Network theory has established itself as an appropriate tool for complex systems analysis and pattern recognition. In the context of spatiotemporal data analysis, correlation networks are used in the vast majority of works. However, the Pearson correlation coefficient captures only linear relationships and does not correctly capture recurrent events. This missed information is essential for temporal pattern recognition. In this work, we propose a chronological network construction process that is capable of capturing various events. Similar to the previous methods, we divide the area of study into grid cells and represent them by nodes. In our approach, links are established if two consecutive events occur in two different nodes. Our method is computationally efficient, adaptable to different time windows and can be applied to any spatiotemporal data set. As a proof-of-concept, we evaluated the proposed approach by constructing chronological networks from the MODIS dataset for fire events in the Amazon basin. We explore two data analytic approaches: one static and another temporal. The results show some activity patterns on the fire events and a displacement phenomenon over the year. The validity of the analyses in this application indicates that our data modeling approach is very promising for spatio-temporal data mining.

SAC '19 Proceedings of the 34th ACM/SIGAPP Symposium on Applied Computing Pages 675-682.

Random walk in degree space and the time-dependent Watts-Strogatz model

H. L. Casa Grande, M. Cotacallapa, M. O. Hase

In this work, we propose a scheme that provides an analytical estimate for the time-dependent degree distribution of some networks. This scheme maps the problem into a random walk in degree space, and then we choose the paths that are responsible for the dominant contributions. The method is illustrated on the dynamical versions of the Erdős-Rényi and Watts-Strogatz graphs, which were introduced as static models in the original formulation. We have succeeded in obtaining an analytical form for the dynamics Watts-Strogatz model, which is asymptotically exact for some regimes.

Phys.
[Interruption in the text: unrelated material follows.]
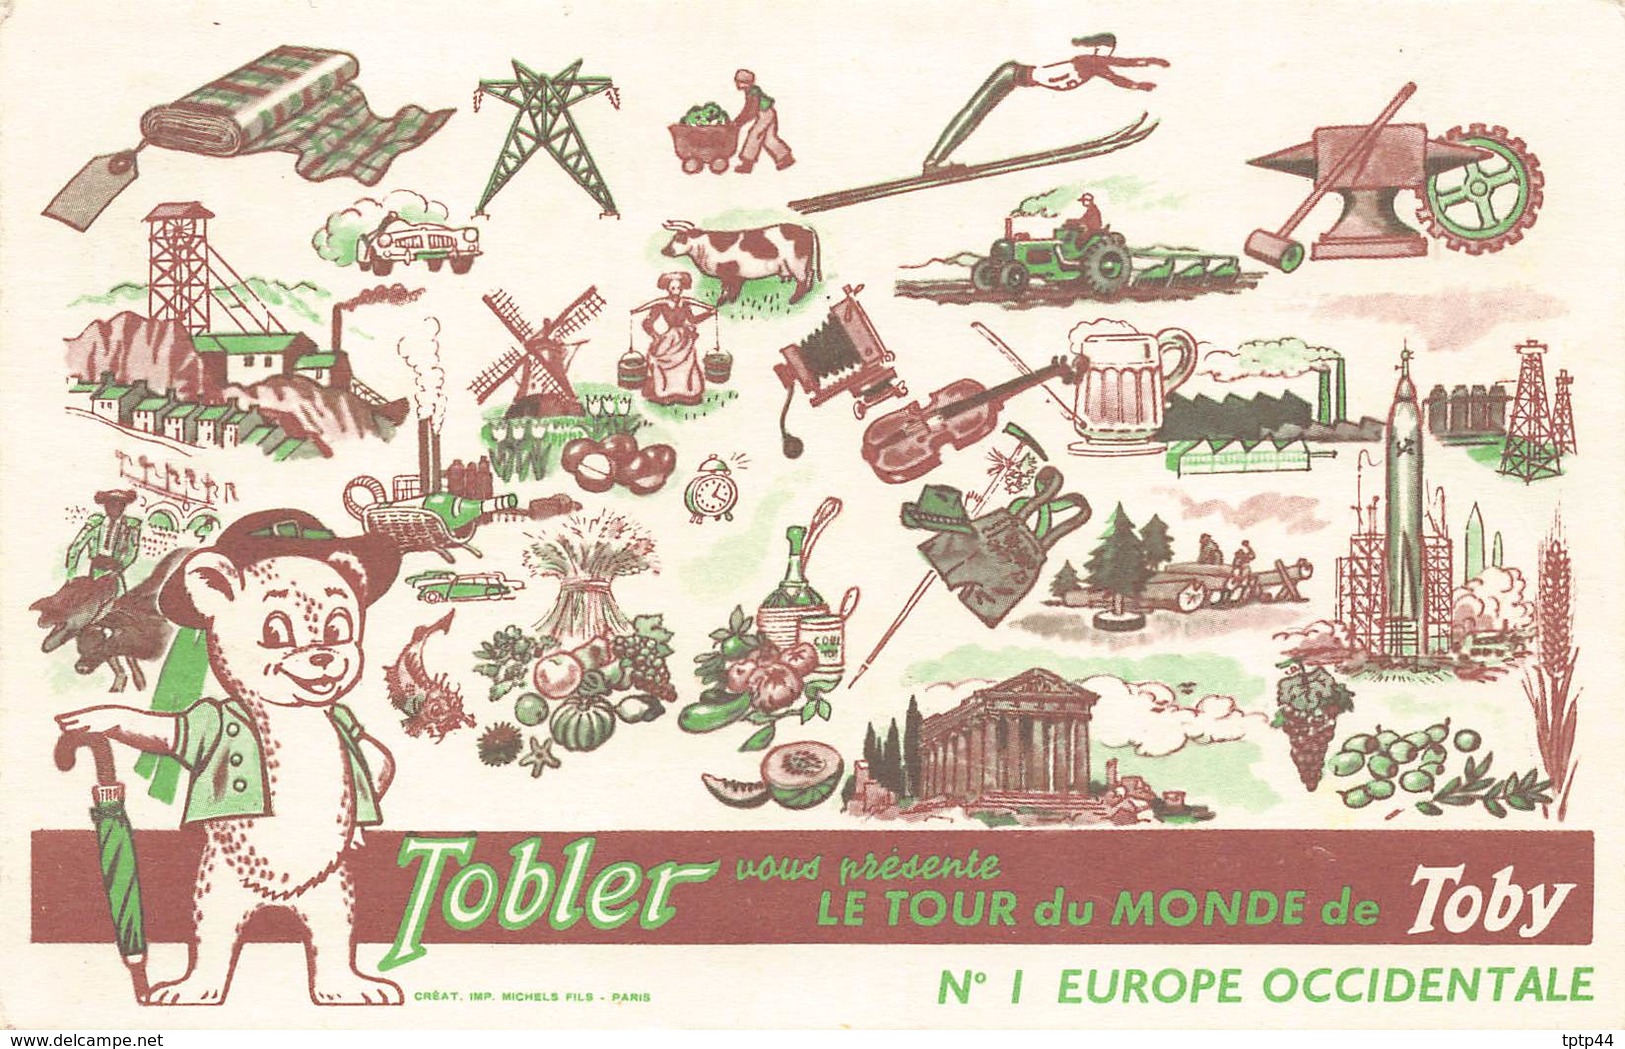 Lot de 10 Cartes Publicité du Chocolat TOBLER - Le Tour du Monde de TOBY

Rev. E 95, 012321 (2017).

Epidemics in networks: a master equation approach

M. Cotacallapa and M. O. Hase

A problem closely related to epidemiology, where a subgraph of 'infected' links is defined inside a larger network, is investigated. This subgraph is generated from the underlying network by a random variable, which decides whether a link is able to propagate a disease/information. The relaxation timescale of this random variable is examined in both annealed and quenched limits, and the effectiveness of propagation of disease/information is analyzed. The dynamics of the model is governed by a master equation and two types of underlying network are considered: one is scale-free and the other has exponential degree distribution. We have shown that the relaxation timescale of the contagion variable has a major influence on the topology of the subgraph of infected links, which determines the efficiency of spreading of disease/information over the network.

Journal of Physics A: Mathematical and Theoretical 49, 065001 (2016).

Sentiment and Behavior Analysis of One Controversial American Individual on Twitter

J. Eliakin M. de Oliveira, M. Cotacallapa, Wilson Seron, Rafael D. C. dos Santos, Marcos G. Quiles

Social media is a convenient tool for expressing ideas and a powerful means for opinion formation. In this paper, we apply sentiment analysis and machine learning techniques to study a controversial American individual on Twitter., aiming to grasp temporal patterns of opinion changes and the geographical distribution of sentiments (positive, neutral or negative), in the American territory. Specifically, we choose the American TV presenter and candidate for the Republican party nomination, Donald J. Trump. The results acquired aim to elucidate some interesting points about the data, such as: what is the distribution of users considering a match between their sentiment and their relevance? Which clusters can we get from the temporal data of each state? How is the distribution of sentiments, before and after, the first two Republican party debates?

Lecture Notes in Computer Science. 1ed.: Springer International Publishing v. 9948, p. 509-518 (2016).